With consistent lifestyle changes that include nutritious eating, regular physical activity, adequate sleep, and stress management, you can take control of PCOS, minimize its impact, and live a healthier, more empowered life.

10 FAQs About Diet and PCOS

1. What is PCOS and how does diet affect it?
PCOS (Polycystic Ovary Syndrome) is a hormonal disorder that affects metabolism, insulin sensitivity, and reproductive health. Diet directly influences PCOS symptoms like weight gain, inflammation, and insulin resistance. Eating whole, unprocessed foods can significantly improve outcomes.


2. What is the best diet for PCOS?
The Mediterranean diet is commonly recommended due to its emphasis on whole grains, healthy fats, vegetables, and lean proteins. It helps reduce inflammation, balance hormones, and improve insulin function.


3. Which foods worsen PCOS symptoms?
Foods high in refined sugar, saturated fats, and processed ingredients—such as white bread, sugary drinks, fried foods, and red meat—can worsen PCOS symptoms by increasing inflammation and insulin resistance.


4. Can women with PCOS eat carbs?
Yes, but it’s best to choose complex, low-glycemic carbs like whole grains, legumes, and non-starchy vegetables. These help stabilize blood sugar and reduce insulin spikes without cutting out carbs entirely.


5. Are dairy products good or bad for PCOS?
Low-fat dairy in moderation may be fine for many women with PCOS, but full-fat or sweetened dairy products may increase inflammation or hormone imbalance in some cases.
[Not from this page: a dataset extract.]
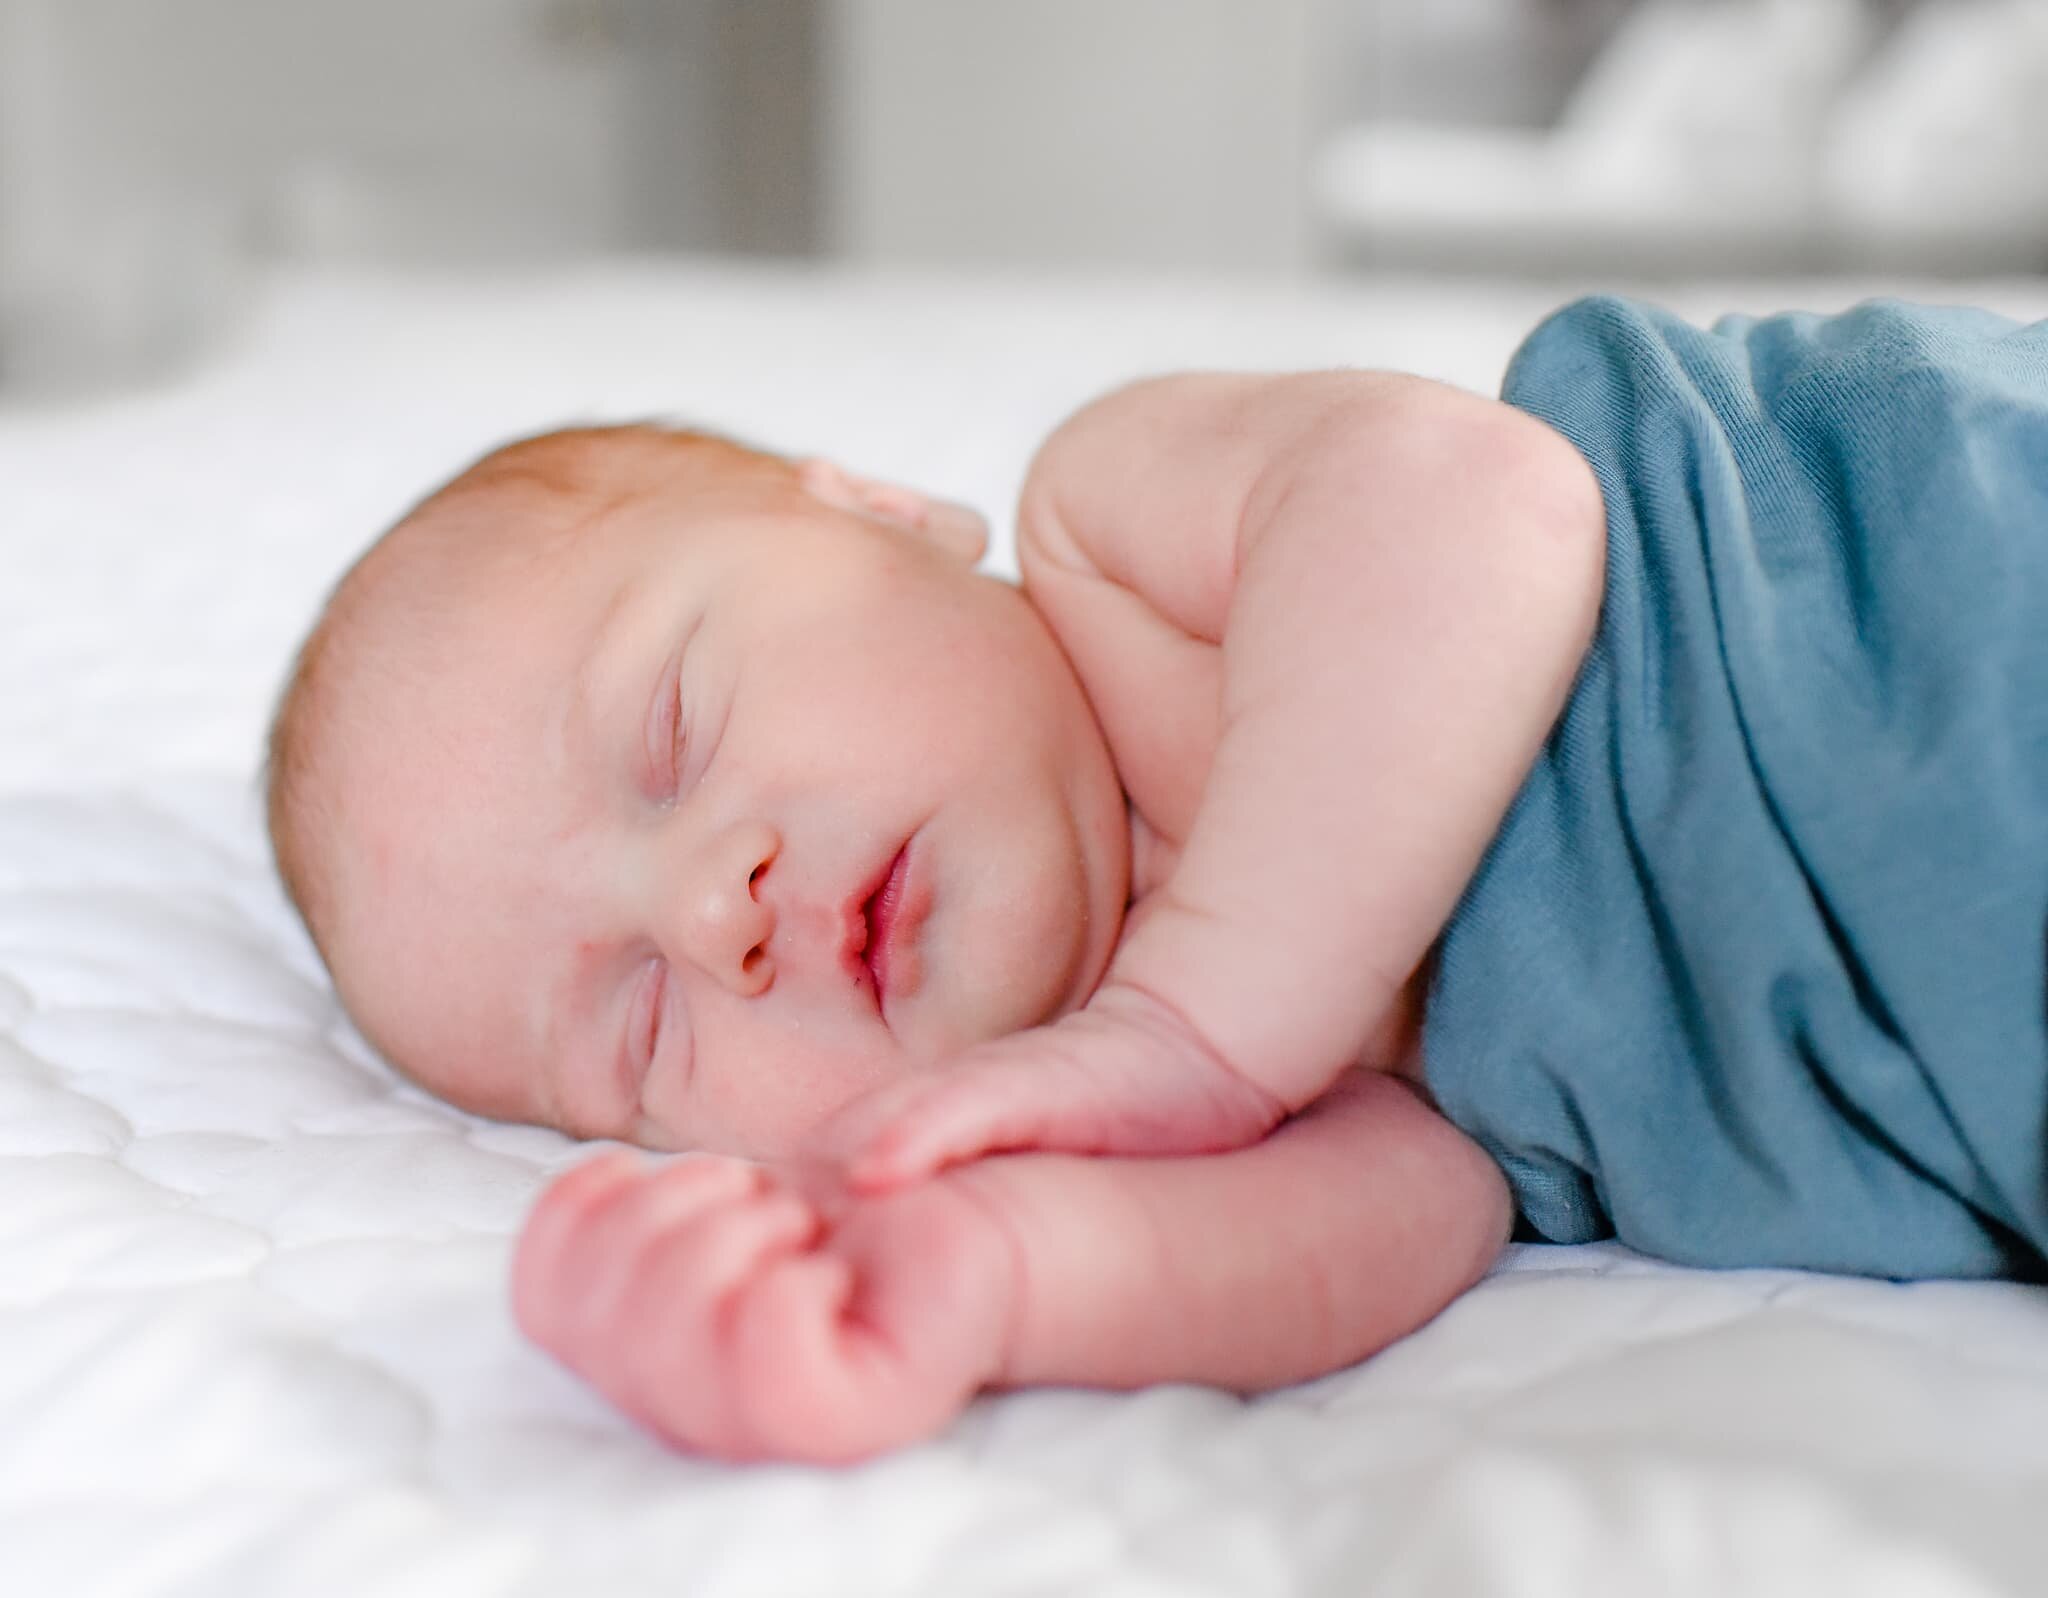 Silver Spring Maryland Newborn Photoshoot - baby curled up on the bed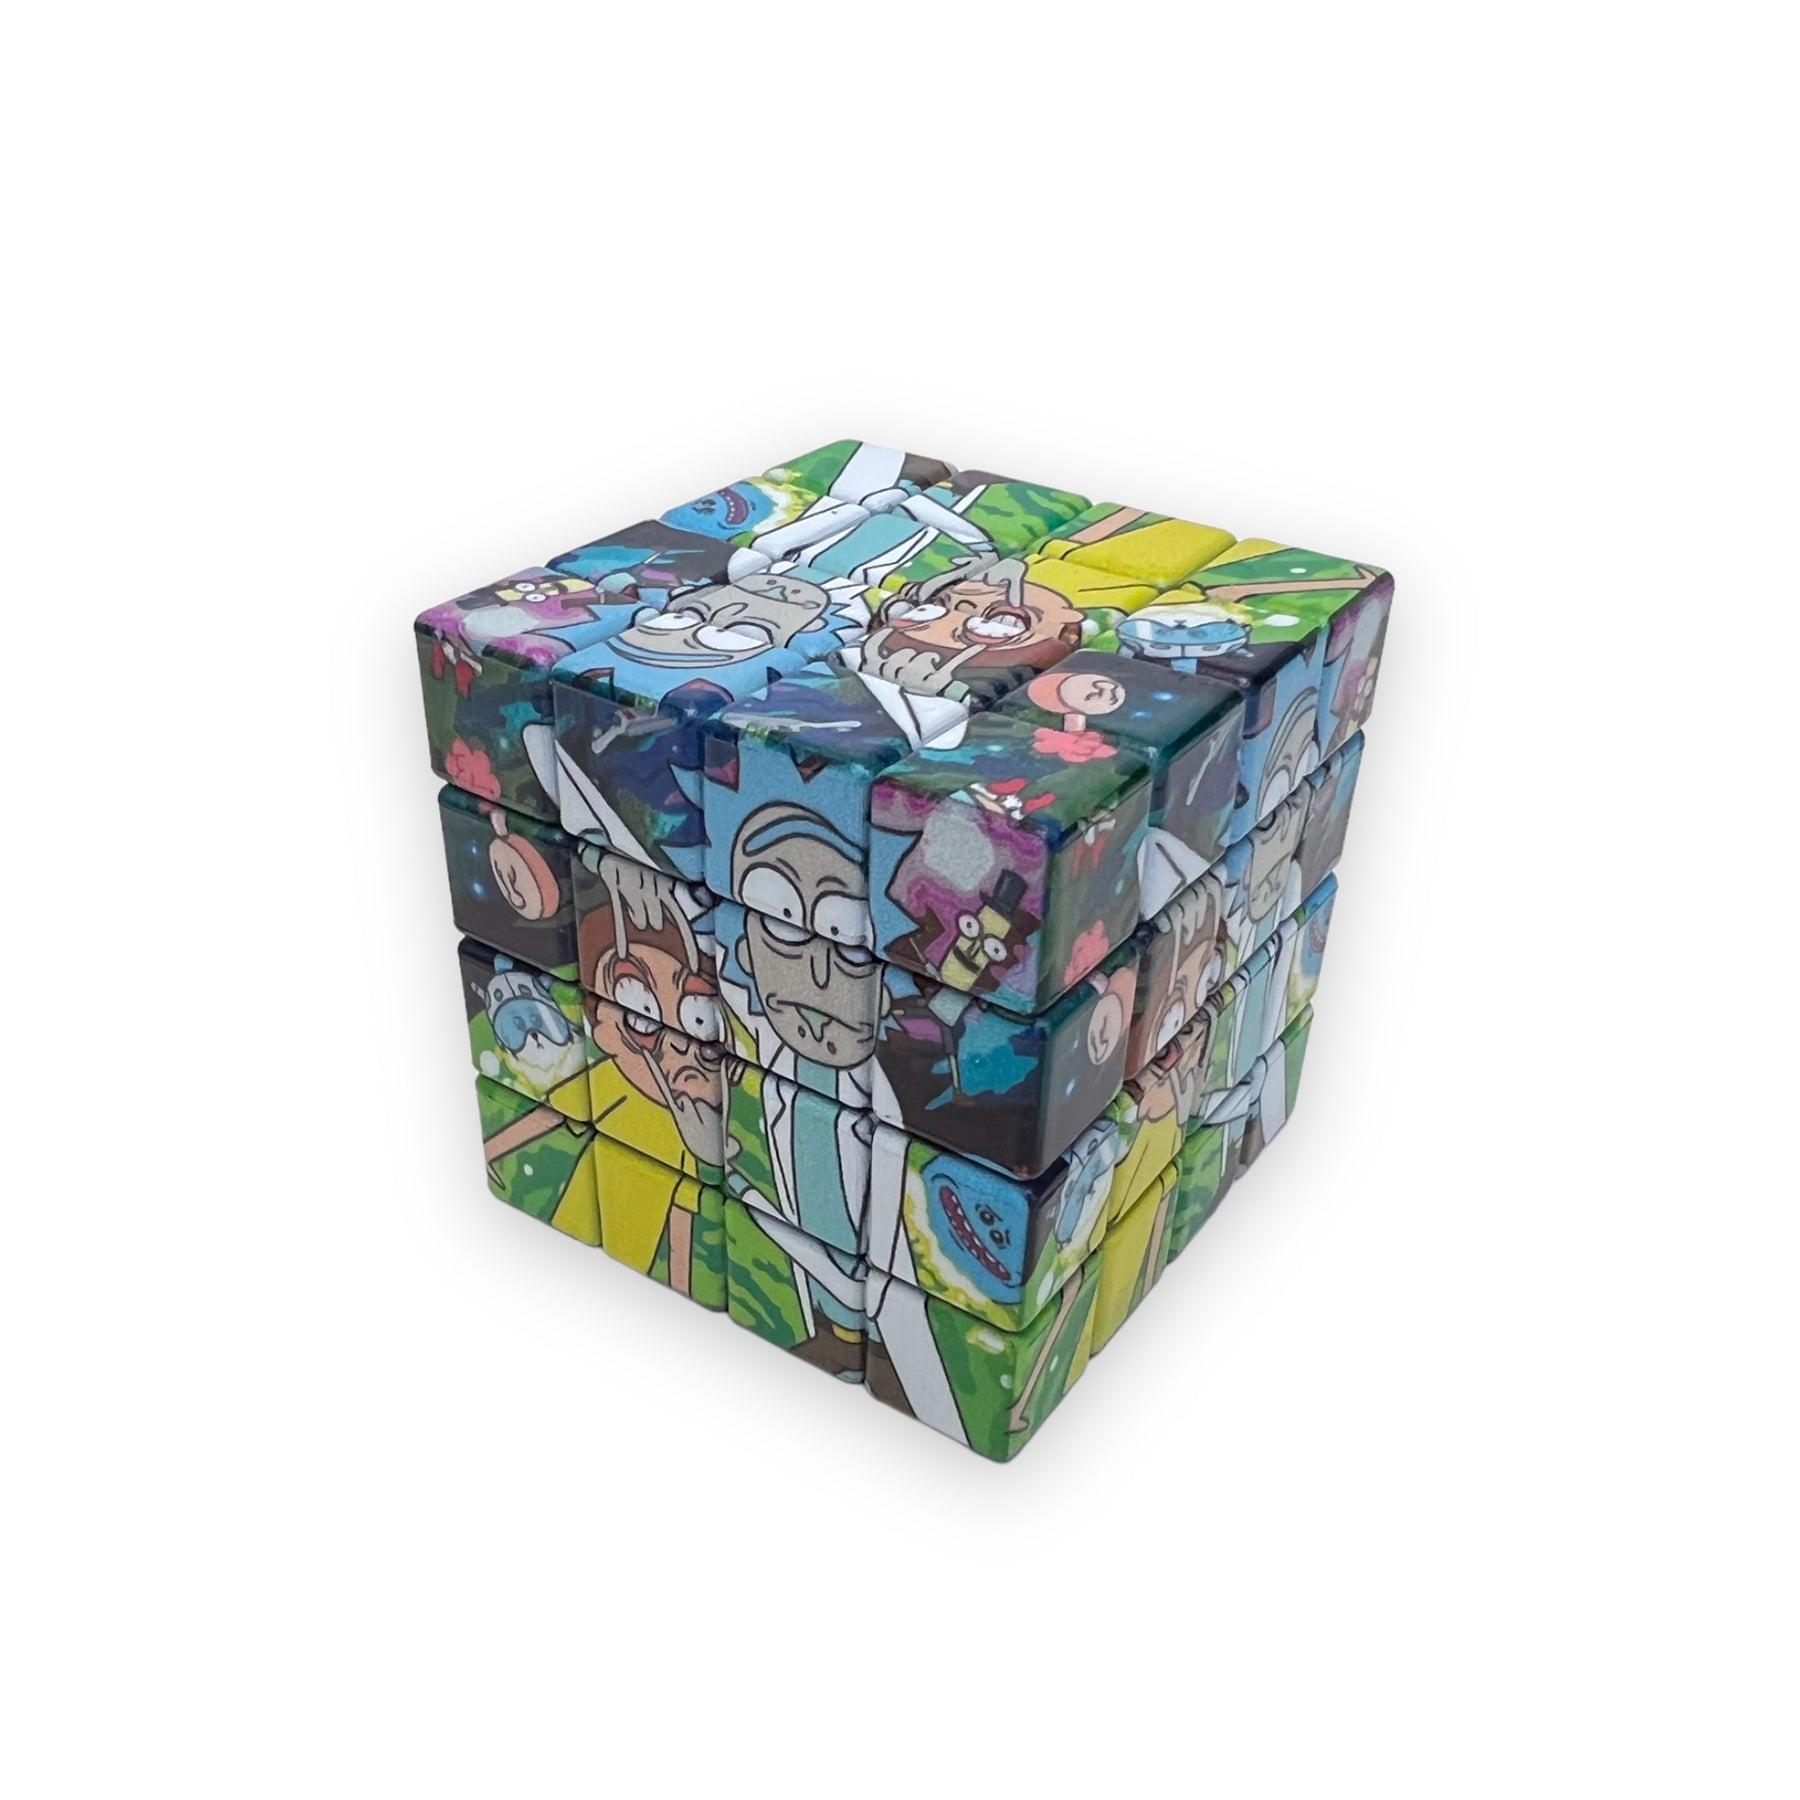 Rick and Morty Rubik's Cube Grinder from Angle

It depends on individual tolerance.


6. Is intermittent fasting safe for PCOS?
Intermittent fasting may not be ideal for everyone with PCOS. It can lead to blood sugar instability and binge eating. Most experts recommend balanced, smaller meals every 4 hours to regulate insulin levels.


7. What drinks should I avoid with PCOS?
Avoid sugary beverages like soda, sweetened teas, energy drinks, and alcohol. Instead, choose water, herbal teas, or seltzer with fruit for hydration without added sugar.


8. Can losing weight help manage PCOS symptoms?
Yes. Even a 5–10% reduction in body weight can significantly improve symptoms like irregular periods, acne, and insulin resistance. Weight loss is most effective when achieved through diet and regular exercise.


9. Is the keto diet recommended for PCOS?
The keto diet may offer short-term benefits but isn’t ideal long-term for most women with PCOS. It often eliminates healthy carbs needed for balanced blood sugar. A moderate-carb, fiber-rich diet is usually safer.


10. Are there natural remedies or supplements for PCOS?
Some women find relief using supplements like inositol, omega-3 fatty acids, and vitamin D. However, these should be used under medical supervision as part of a broader diet and lifestyle approach.